Славный твой дед Ногой потеснил кытаев, правил на всем Тянь-Шане. Подчинялись ему Кашгар и Карашаар. На берегу далекого озера Лоб-Нора ставку имел Ногой. Все мы тогда, кыргызы, в правителях ходили. Но Эсен-хан, правитель могучего Кытая, послал против кыргызов огромное войско в пять миллионов воинов. И они разорили страну Ногоя. Жили мы беззаботно и вот превратились в беспомощных рабов. Много кыргызов погибло. Погиб и твой дед. Его сыновей и весь народ кыргызский развеяли кытаи по свету, чтобы впредь кыргызам не объединиться. А были мы свободным народом – никому не подчинялись!
– Почему же сейчас мы терпим, когда калмаки наш скот угоняют? – запальчиво вскрикнул Манас. От охватившего его гнева зрачки темных глаз вновь заполыхали мрачным огнем.
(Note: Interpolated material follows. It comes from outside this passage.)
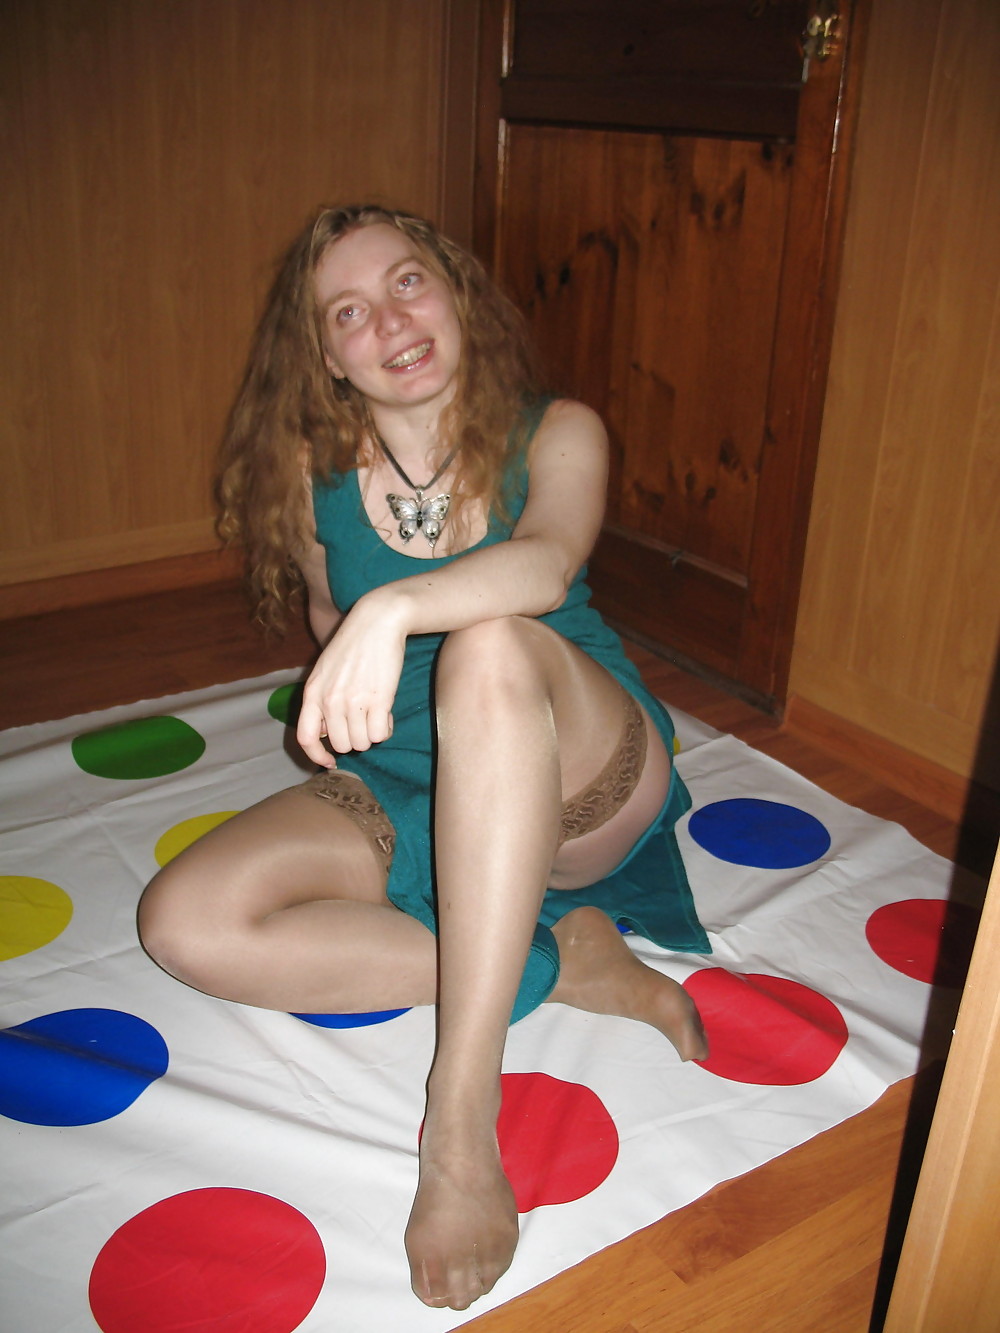 Playing Twister, Upskirt, Nude and Downblouse #2757166

Напуганный внезапной вспышкой сына, несчастный отец сурово проговорил:
– Манас, своим поведением ты снискал себе славу бесноватого, одержимого. Ты не умеешь сдерживать себя, выказывать уважение другим. Я боюсь, что Небо покарает тебя, сынок! Как мы без тебя останемся? Ведь мать в тебе души не чает, не надышится на тебя. Пожалей своих старых родителей, жеребенок.
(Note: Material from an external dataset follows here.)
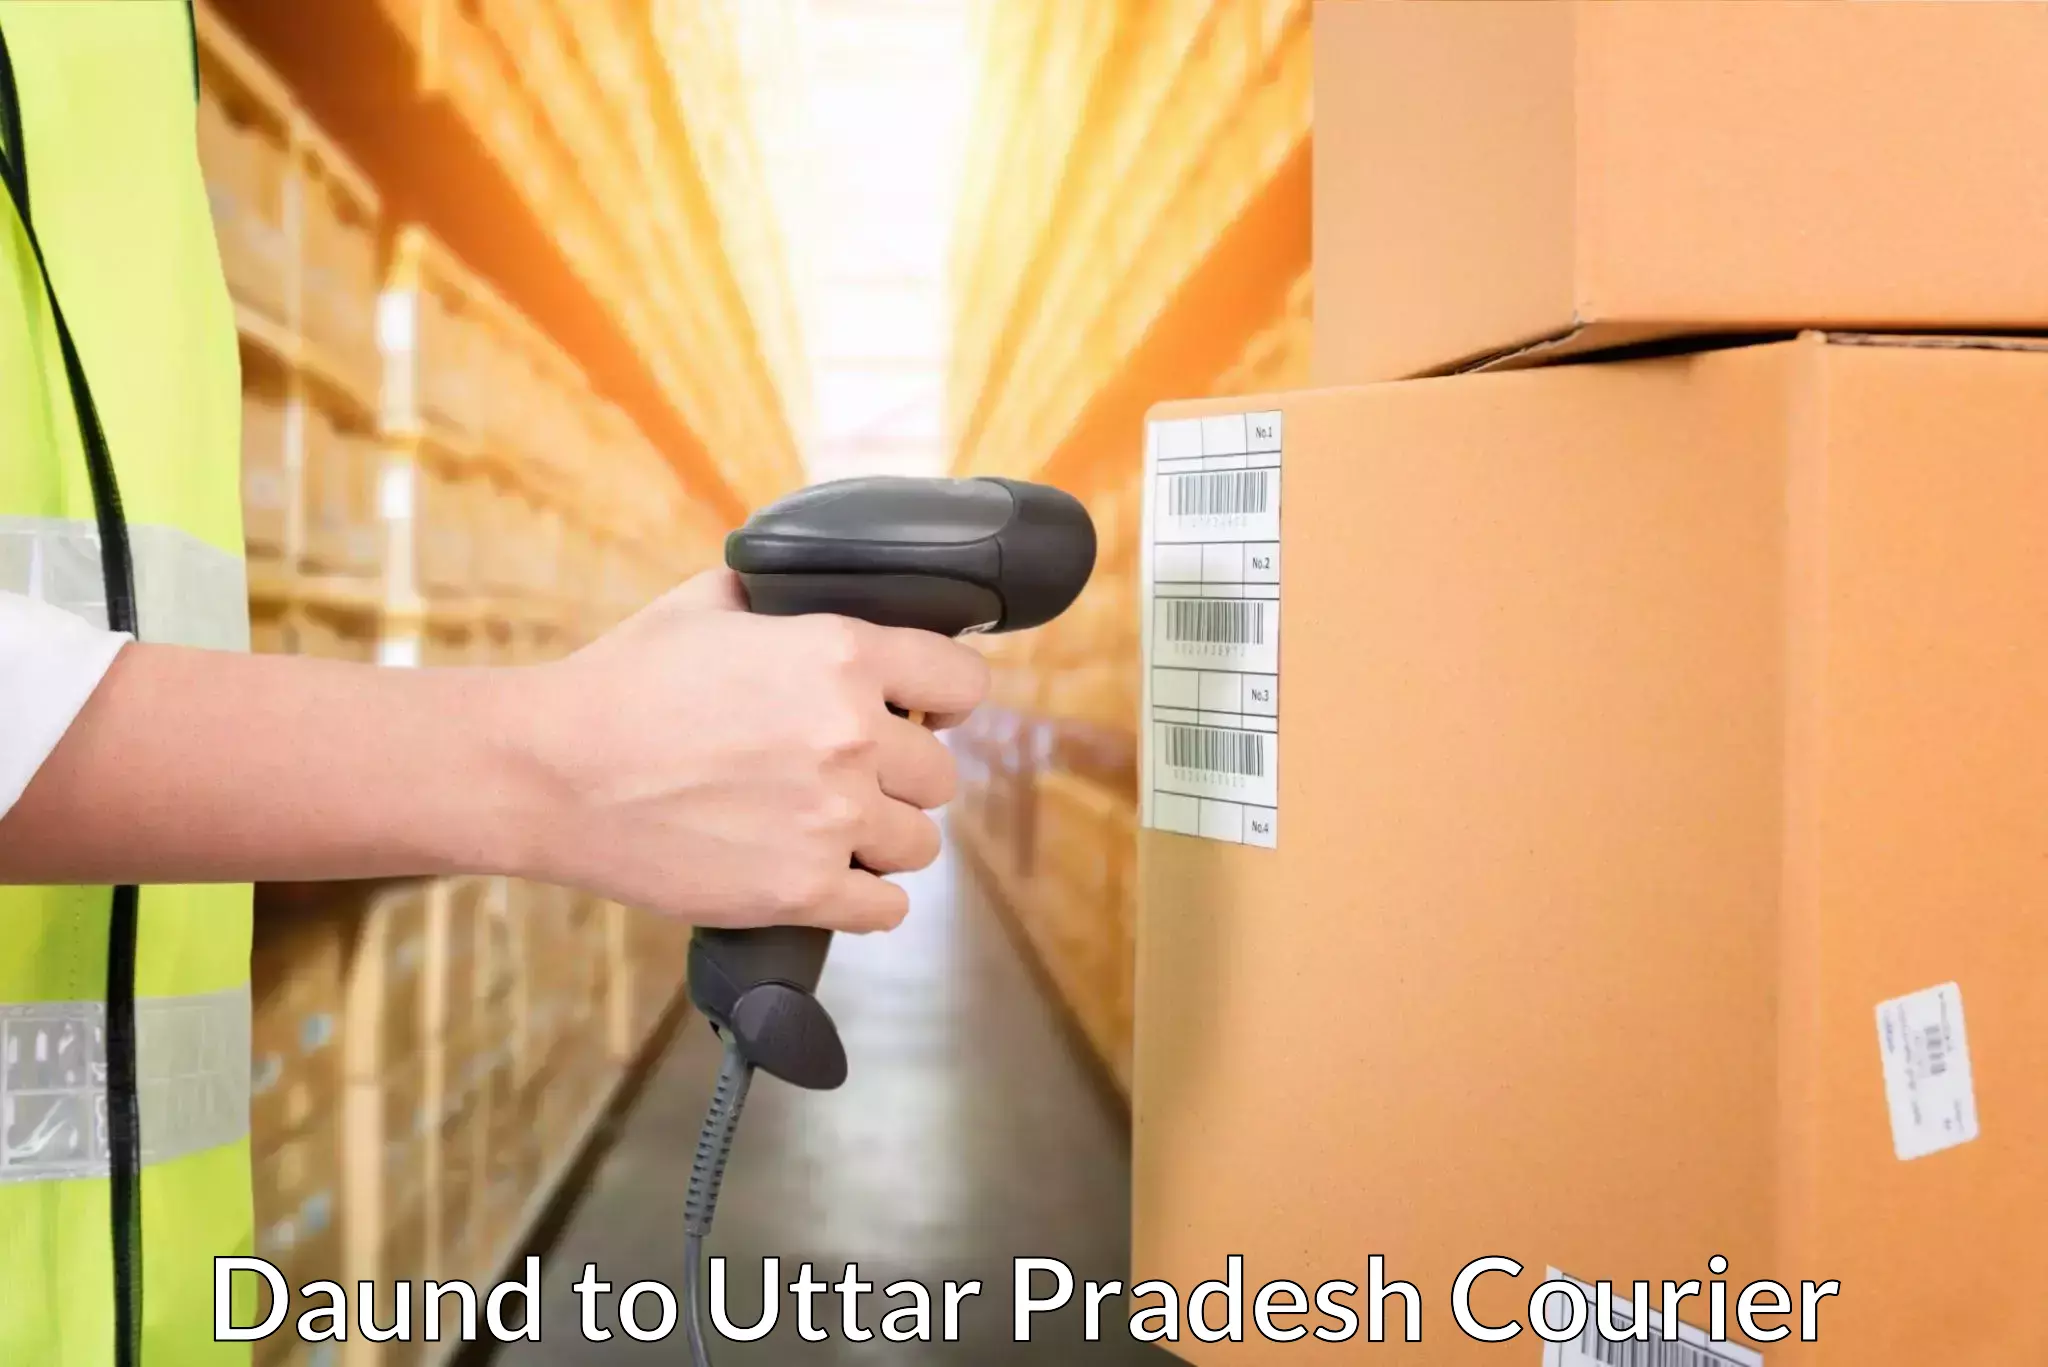 Fast-track shipping solutions Daund to Aligarh

Джакып закрыл лицо руками и сидел, горестно размышляя.
Ночь перед расставанием
– Апа[8], расскажите сказку про меня, – попросил Манас. Уложенный в постель раньше обычного, мальчик никак не мог заснуть и беспрестанно ворочался под одеялом.
– Я тебе, миленький, столько уже раз рассказывала. Не устал слушать? – отозвалась Чыйырды, занятая вышивкой затейливых узоров шелковой нитью на кожаных штанах сына.
– Еще только один раз, – взмолился мальчик. – Завтра отец отвезет меня в горы к одному богатому человеку. Я там буду ягнят пасти. Отец сказал, что за хорошую работу богач обещал скотом расплатиться. Я уже достаточно большой, чтобы вам помогать.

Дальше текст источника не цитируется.